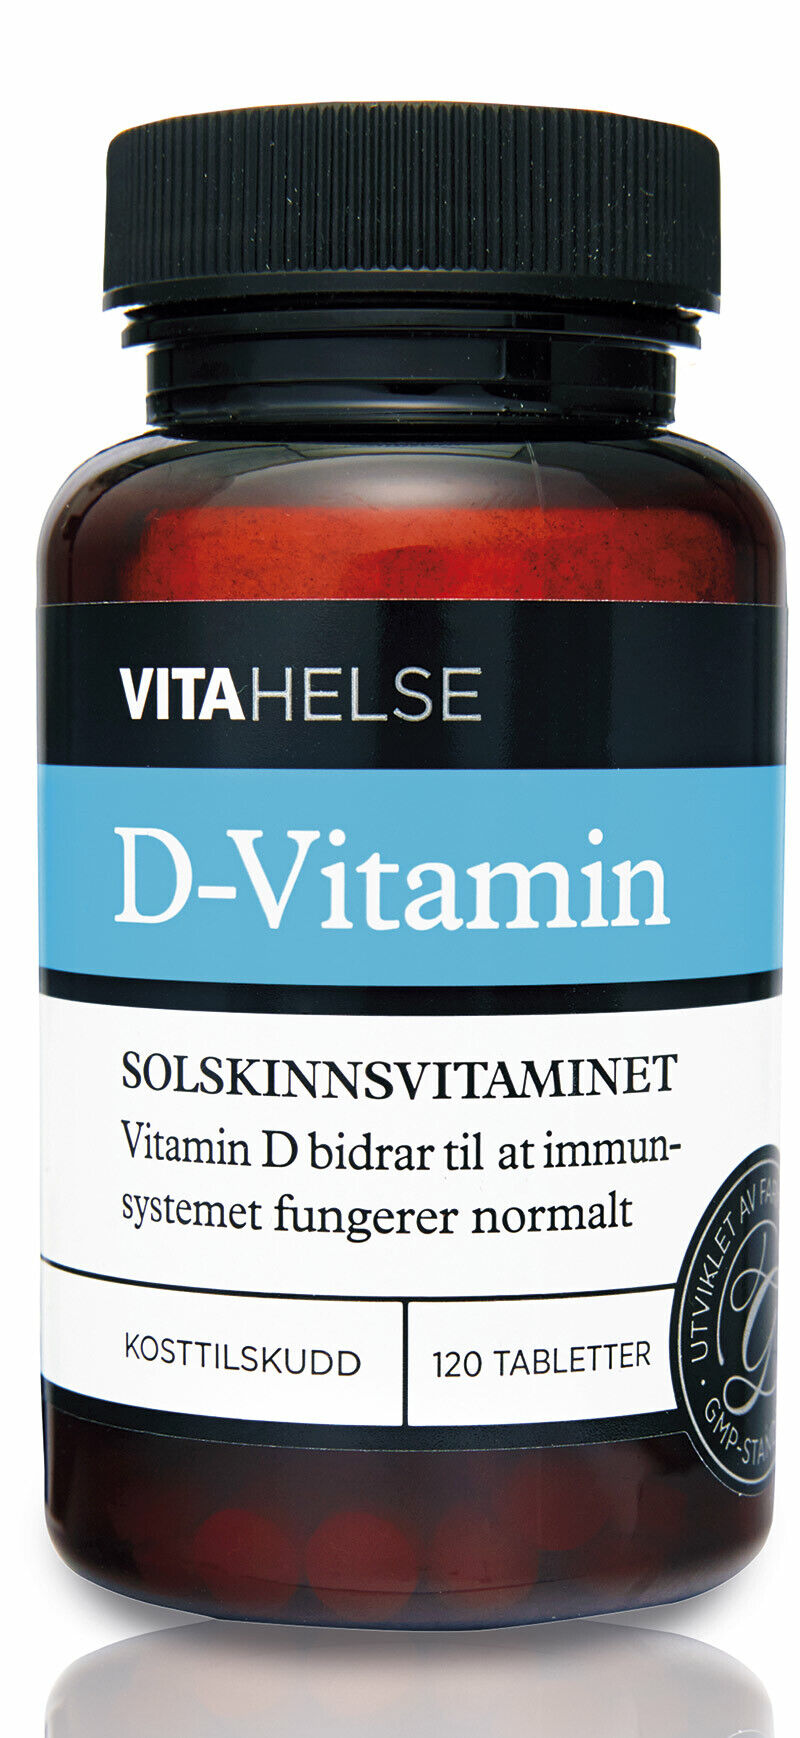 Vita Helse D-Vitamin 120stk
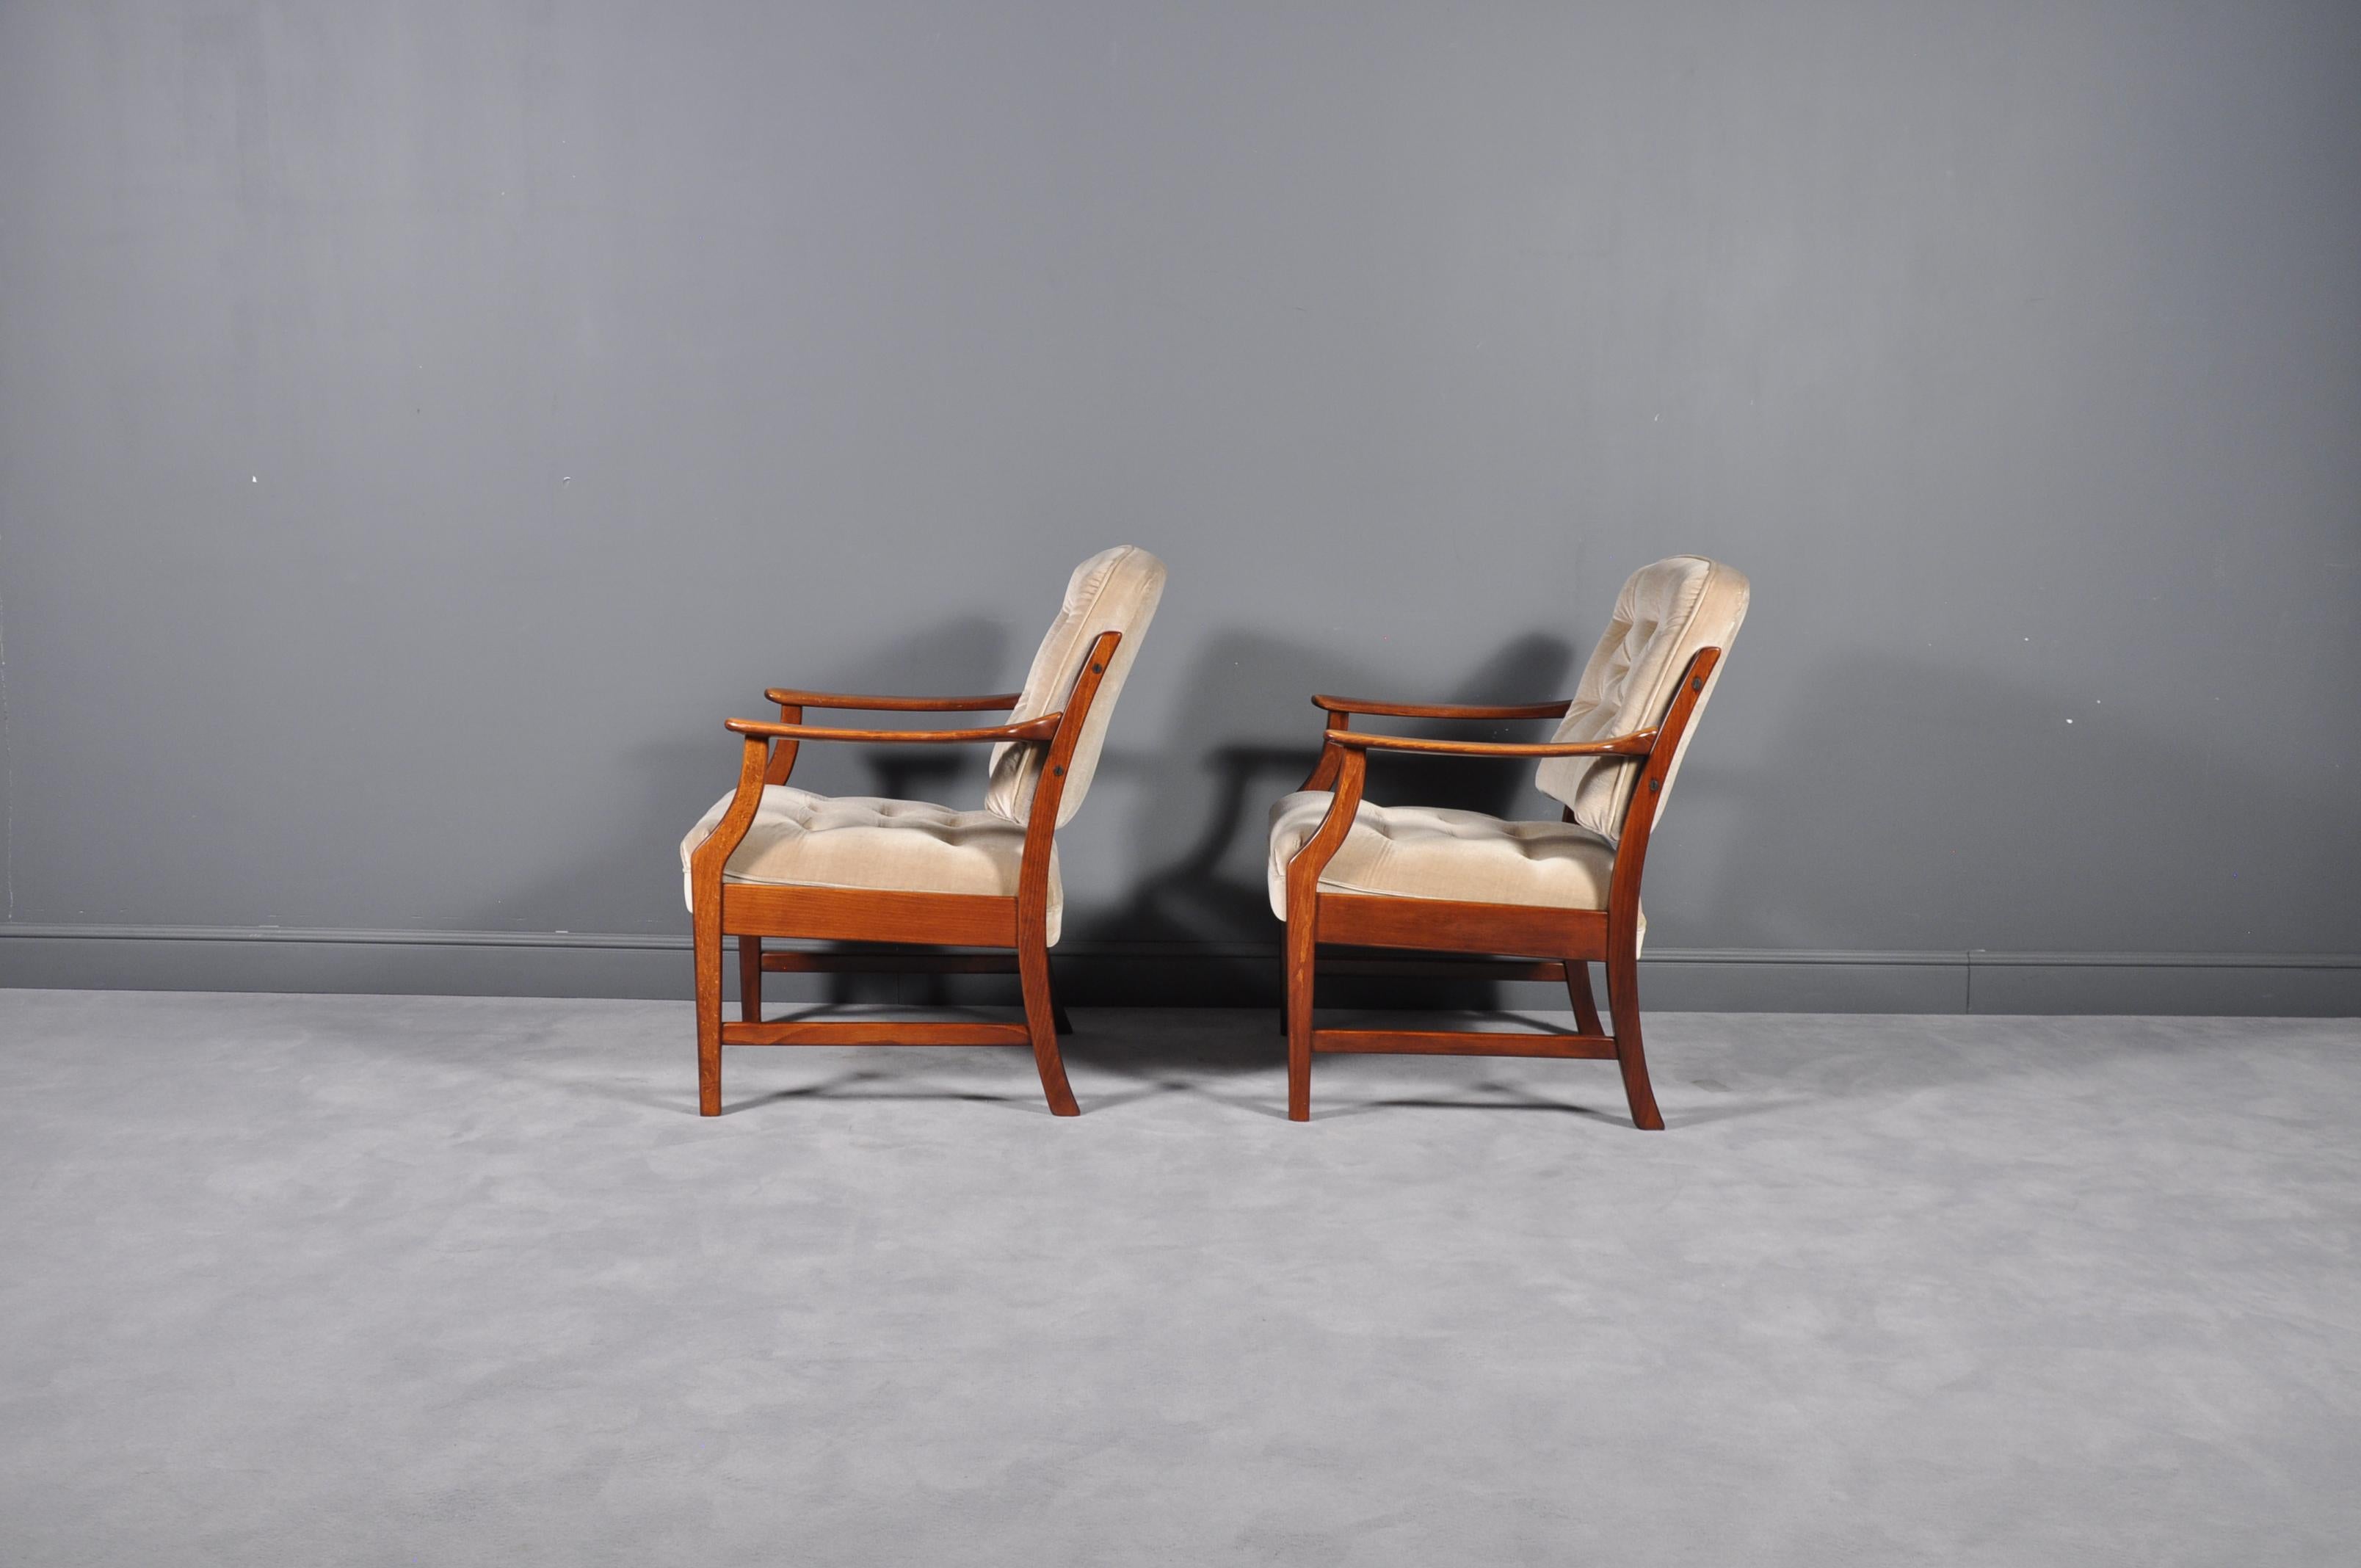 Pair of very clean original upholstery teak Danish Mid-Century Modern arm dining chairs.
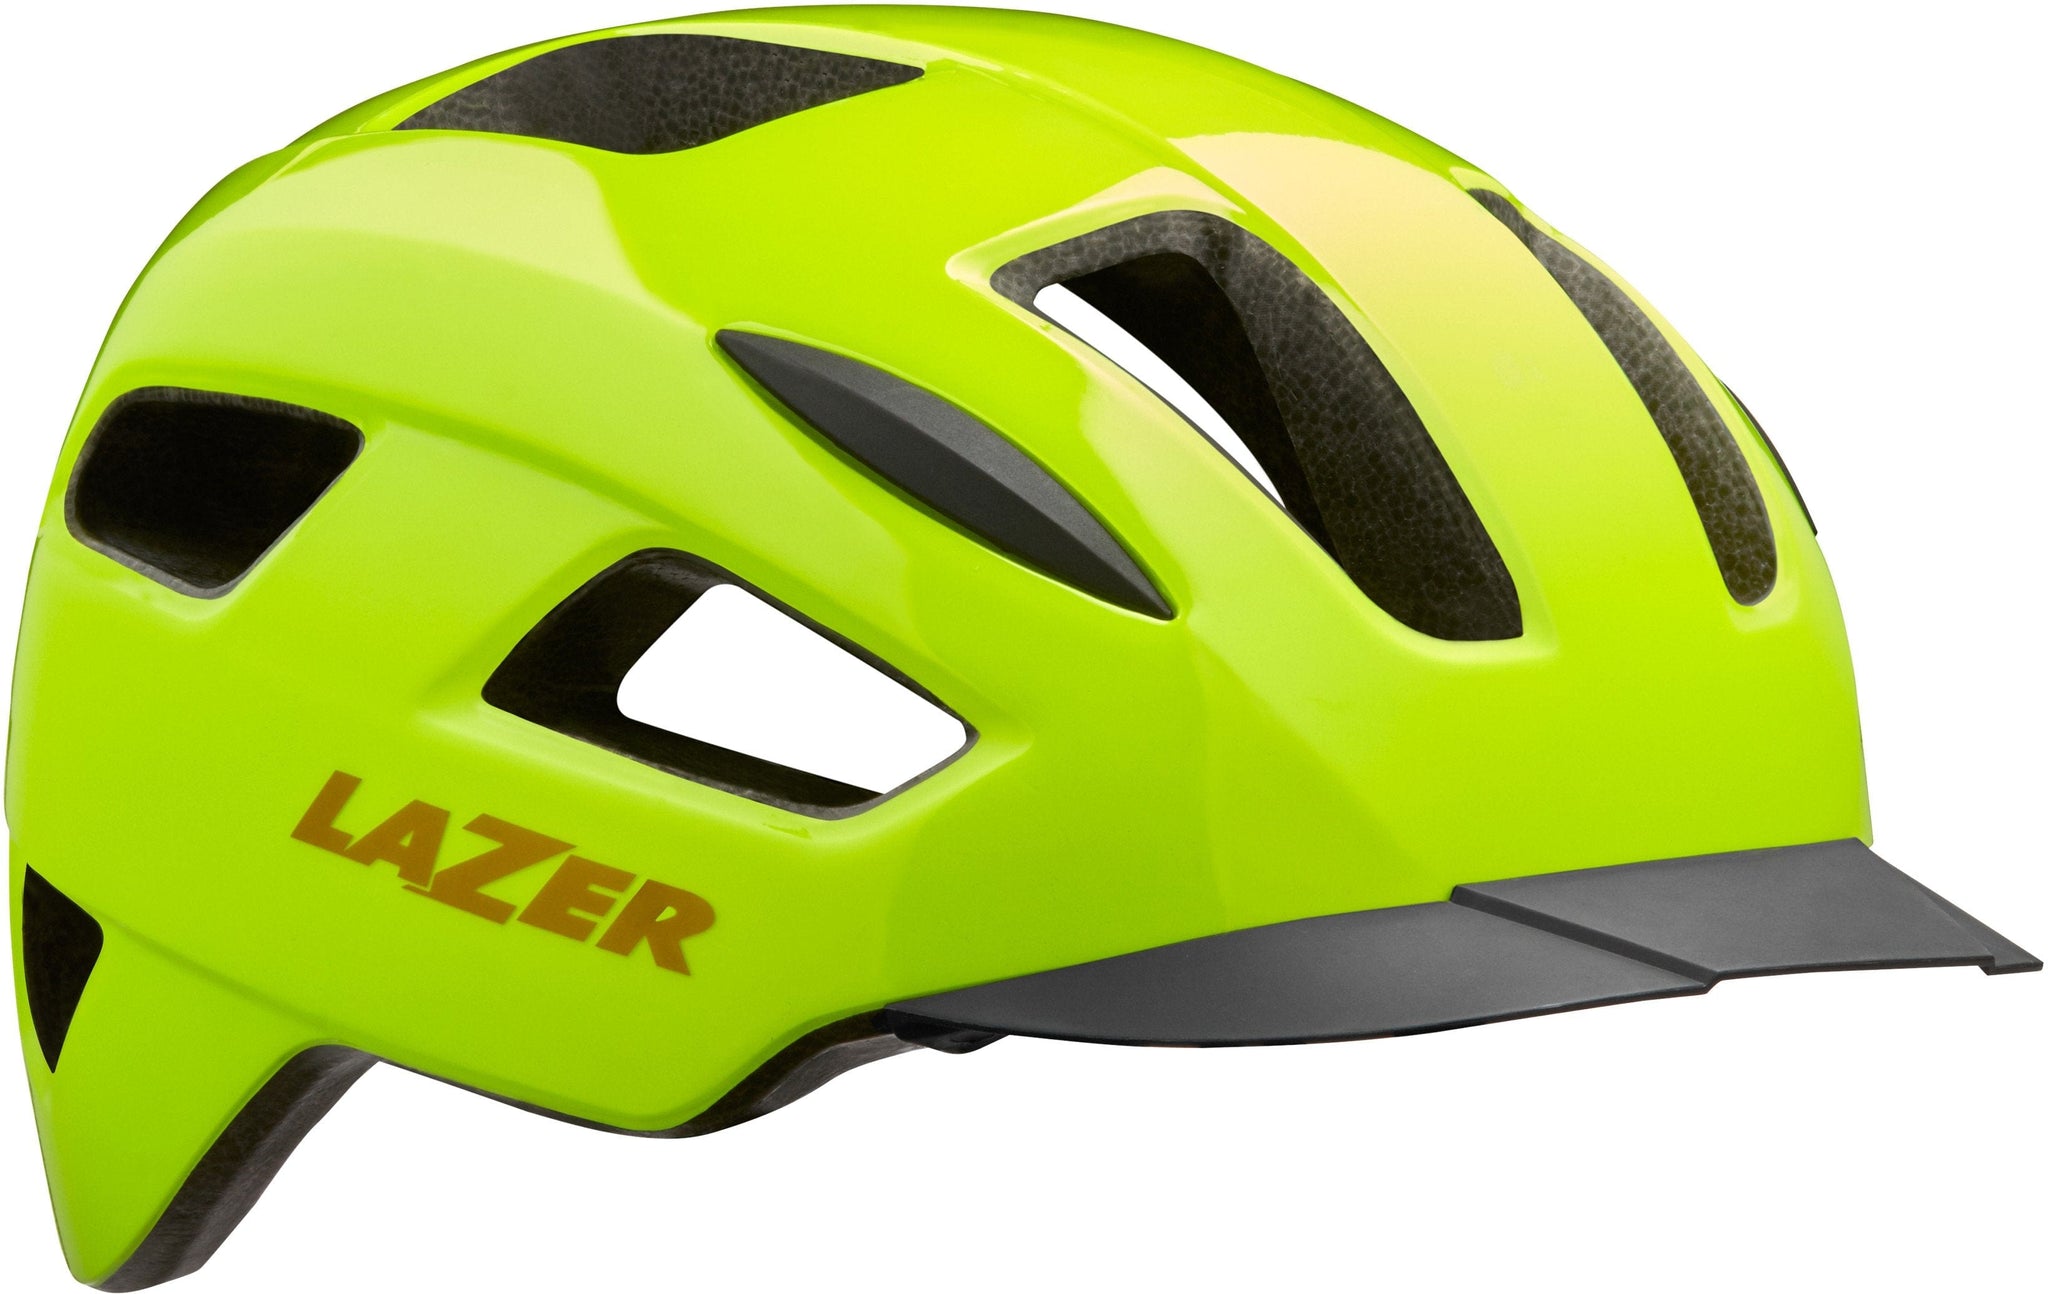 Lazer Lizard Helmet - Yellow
····················
DIRECTIONS:
Repeat the listing above word for word. Do not include the pictures.

TASK OUTPUT:
 Vita Helse D-Vitamin 120stk
 Pair of very clean original upholstery teak Danish Mid-Century Modern arm dining chairs.
 Lazer Lizard Helmet - Yellow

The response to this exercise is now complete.